The Privacy and Security Bargain
OpenAI has built several layers of control around a feature that necessarily observes sensitive behavior. Users choose which apps and sites are included, can switch from broad exclusions to an allowlist, can pause collection from the menu bar, and can delete individual entries or clear recent or complete history. OpenAI explicitly warns users to pause during communications with other people unless they have prior express consent, and to exclude health, financial, password, and other sensitive sources.
The storage model is local-first but not local-only. Raw interaction-event files are temporarily stored in the ChatGPT app’s isolated macOS container and deleted after no more than 48 hours. An ephemeral Codex session sends those events to OpenAI for processing into memories; OpenAI says it does not retain the event files after processing or use them for training. The resulting Markdown memories remain on the Mac until deleted.

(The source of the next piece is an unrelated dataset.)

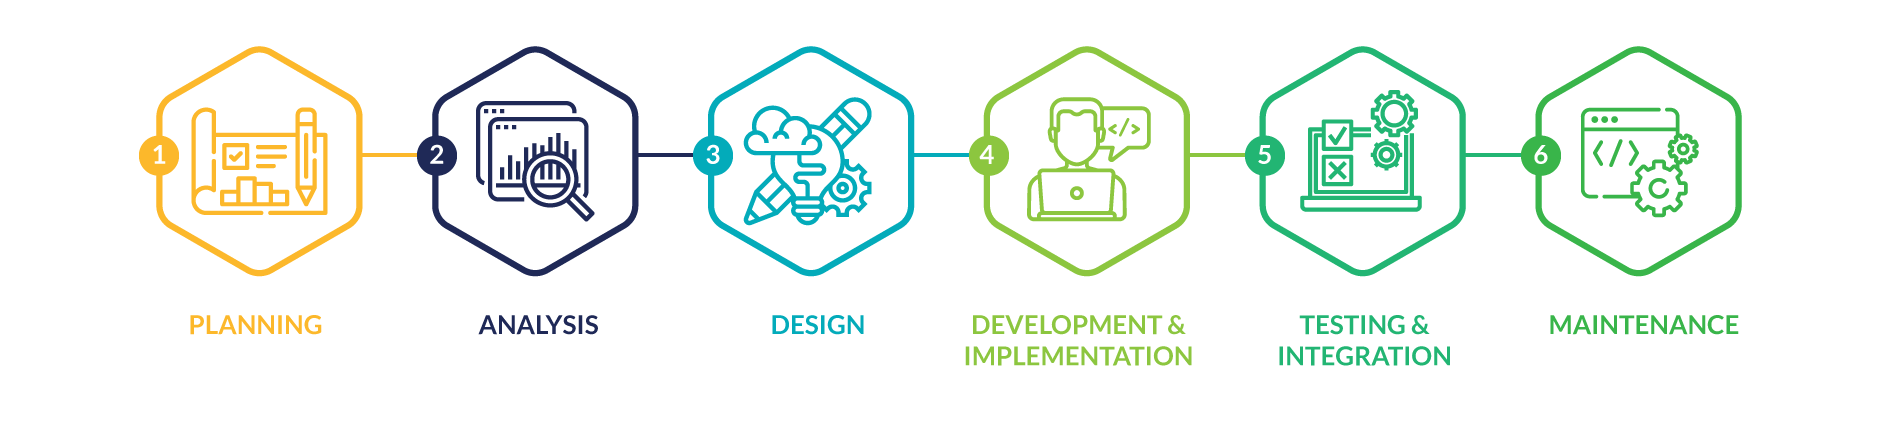 7EDGE web application development process icons

Those local memories are readable files, not an encrypted vault. Other software running as the same macOS user may be able to access them. When ChatGPT or Codex later uses a memory, relevant content can be sent back to OpenAI as prompt context, and that chat content follows the user’s normal data-control settings. “Stored locally” therefore does not mean “never leaves the device.” It describes where the durable memory lives, while generation and later use can still involve server processing.
OpenAI also flags prompt injection directly. A malicious instruction embedded in a visited page or application could enter the recorded context and influence a later ChatGPT or Codex task. The feature expands an agent’s memory, but it also expands the set of untrusted content that may shape the agent. App allowlists, cautious source selection, and ordinary permission boundaries remain necessary even when the summaries themselves look benign.
Takeaway
Computer History is a serious attempt to solve agent continuity. Its most useful idea is not simply remembering what appeared on screen; it is turning a stream of work into an inspectable timeline, human-readable memory, and candidate automation. That could make AI assistance feel less like opening a fresh chat and more like resuming work with a collaborator who knows what happened earlier.
The same design makes the tradeoff unusually clear. To remove the burden of repeatedly explaining context, the system must observe and summarize more of the user’s digital life. OpenAI has made collection opt-in, visible, filterable, and locally inspectable, but the resulting files can still contain sensitive information, server processing still occurs, and prompt injection can travel through the new memory channel.
The feature’s real test will therefore be trust, not novelty. It succeeds only if the saved context is accurate enough to reduce friction, selective enough to avoid becoming surveillance clutter, and safe enough that users are willing to let an agent learn from the routines they previously kept implicit.